Ultimately, the Court found that Plaintiffs did not allege Defendants made any specific representations about the goods it provided for government reimbursement, or that Defendants failure to disclose noncompliance with the PPPA was material to the government’s payment decision. Schimelpfenig, 2017 U.S. Dist. LEXIS 44064 at 14. Importantly, the Court relied on a recent decision in the Third Circuit which it interpreted as changing the Circuit’s approach to the implied certification theory of FCA liability post-Escobar. Id. at 18.
In United States ex rel. Whately v. Eastwick College, the Third Circuit interpreted Escobar as requiring specific representations that, in conjunction with the claimant’s purposeful omissions, renders the ensuring claims legally false. 657 F. App’x 89, 94 (3d Cir. 2016). As such, in the Third Circuit, the only way to succeed in proving an implied certification theory of legal falsity is to provide proof of specific representations made to the government payer regarding the goods or services provided. Id. at 19. Even if the manufacturing defendants made false express representations of compliance to the retail defendants, that, according to the Court, was of no import. The sole question in the FCA analysis surrounded what representations were made to the government.
In analyzing the second prong of the Escobar analysis, the Court found that Plaintiffs failed to allege that this nondisclosure was material to the government’s decision to pay the reimbursements. Importantly, the Court noted that it is not enough that a government or a federal agency found a particular issue important enough to regulate. The relevant inquiry is whether the payment decision was influenced by the claimant’s purported compliance with a particular requirement. Here, however, Plaintiffs’ claim was essentially that misbranding is a basis upon which the government would have the option to refuse payment of defendants’ claims—which the Court found insufficient to show materiality.
In so holding, the Court noted that there are federal agencies equipped with the administrative power to address the Defendants’ statutory and regulatory violations and the FCA is not the vehicle for punishing “garden variety breaches” or regulatory violations.
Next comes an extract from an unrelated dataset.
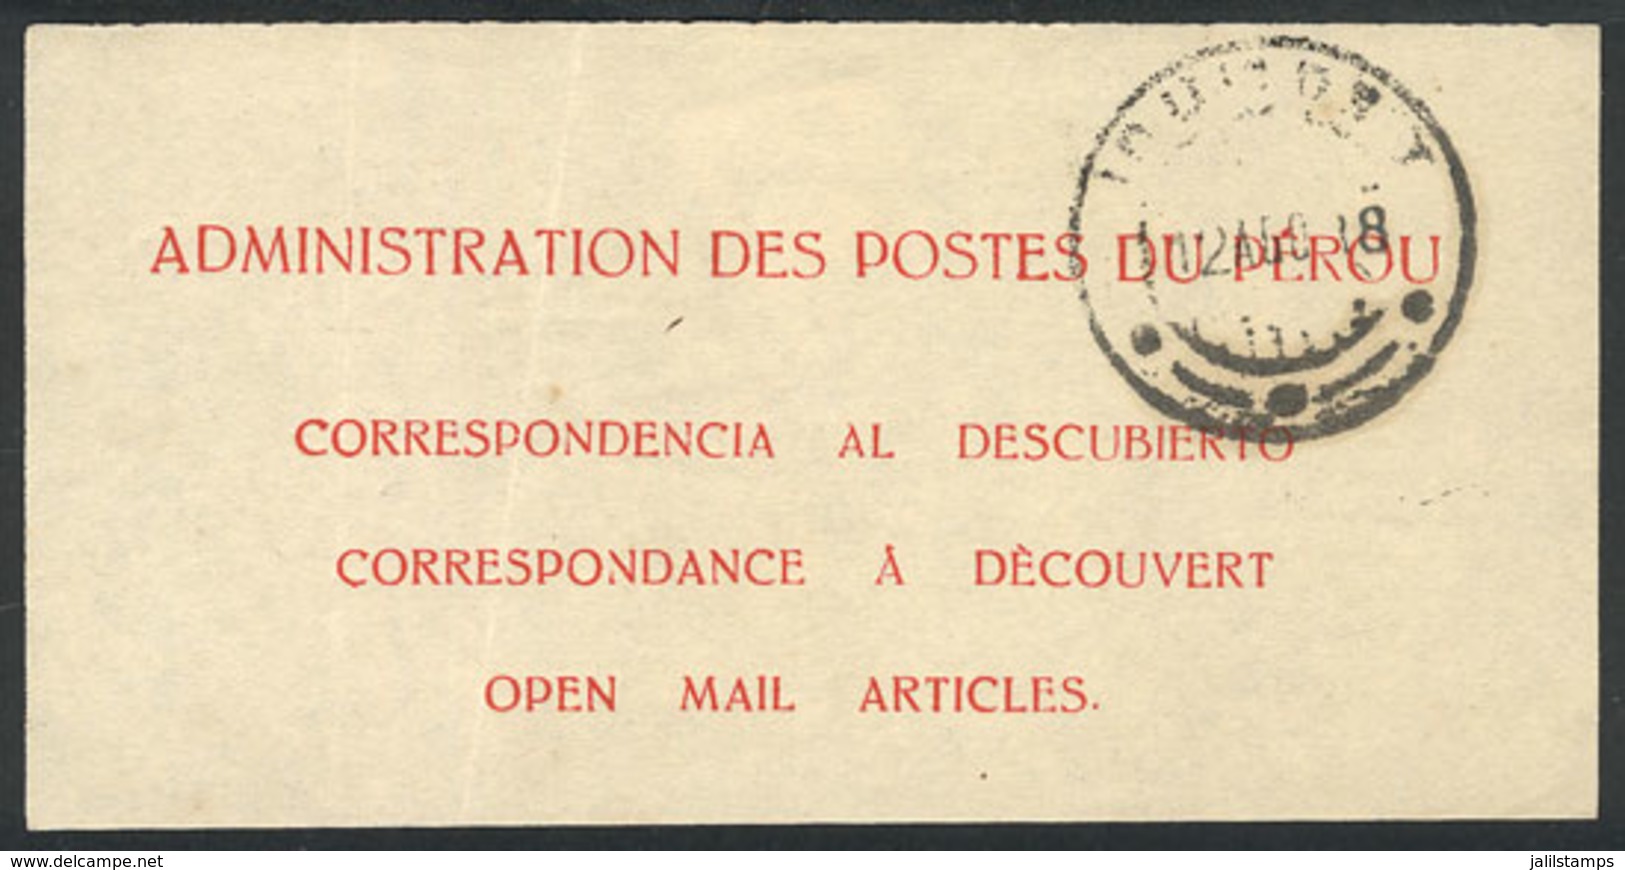 PERU: Postal Label For "OPEN MAIL ARTICLES", Used In Iquique On 12/AU/1938?, VF Quality, Rare!" - Pérou
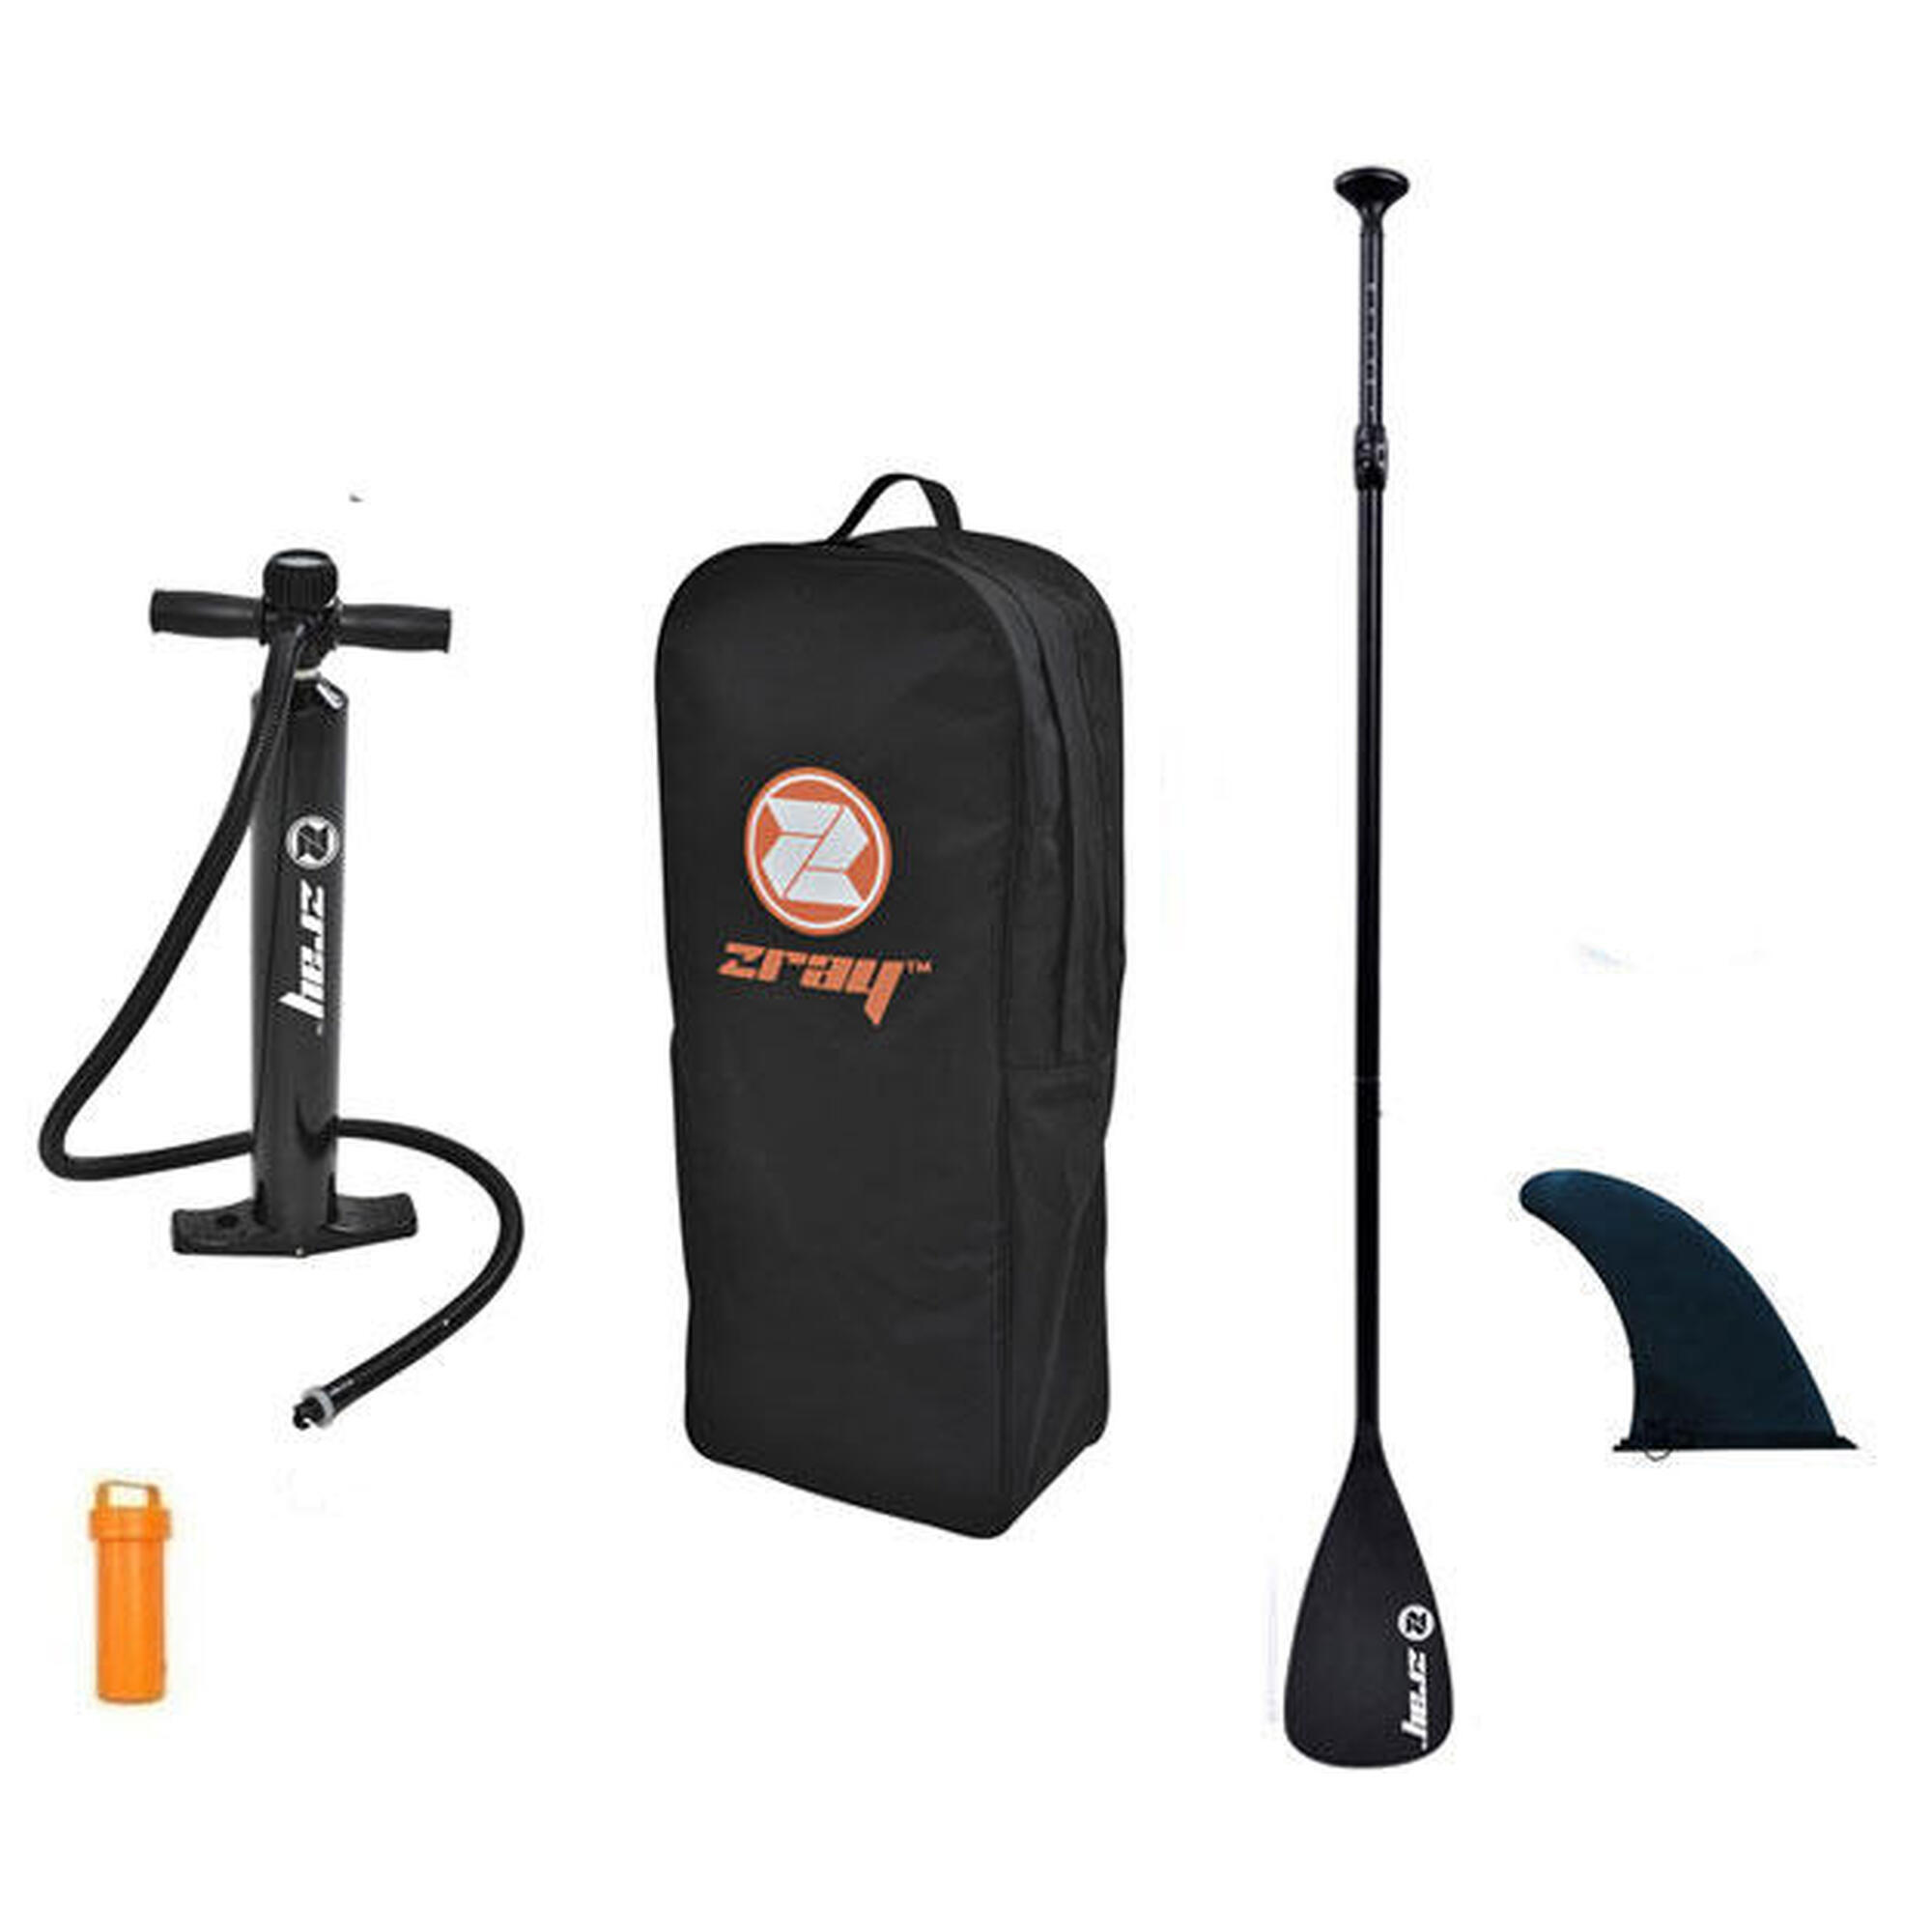 Pack paddle gonflable E11 11' ZRAY (sup.pompe.pagaie.siège)

Id. at 26. In fact, the Court went so far as to conclude that allowing for FCA liability in such an instance would undermine the regulatory procedures in place for addressing Defendants’ exact kind of noncompliance.
This case represents another example of how Escobar has changed the landscape of FCA analysis in narrowing the instances where a Court will impose liability. This case also signals an important shift to deference towards regulatory agencies in an effort to minimize situations in which companies experience regulatory consequences and then find themselves involved in litigation over the same conduct. As lower courts continue to interpret and apply Escobar, we will keep you updated on the implications for False Claims Act jurisprudence.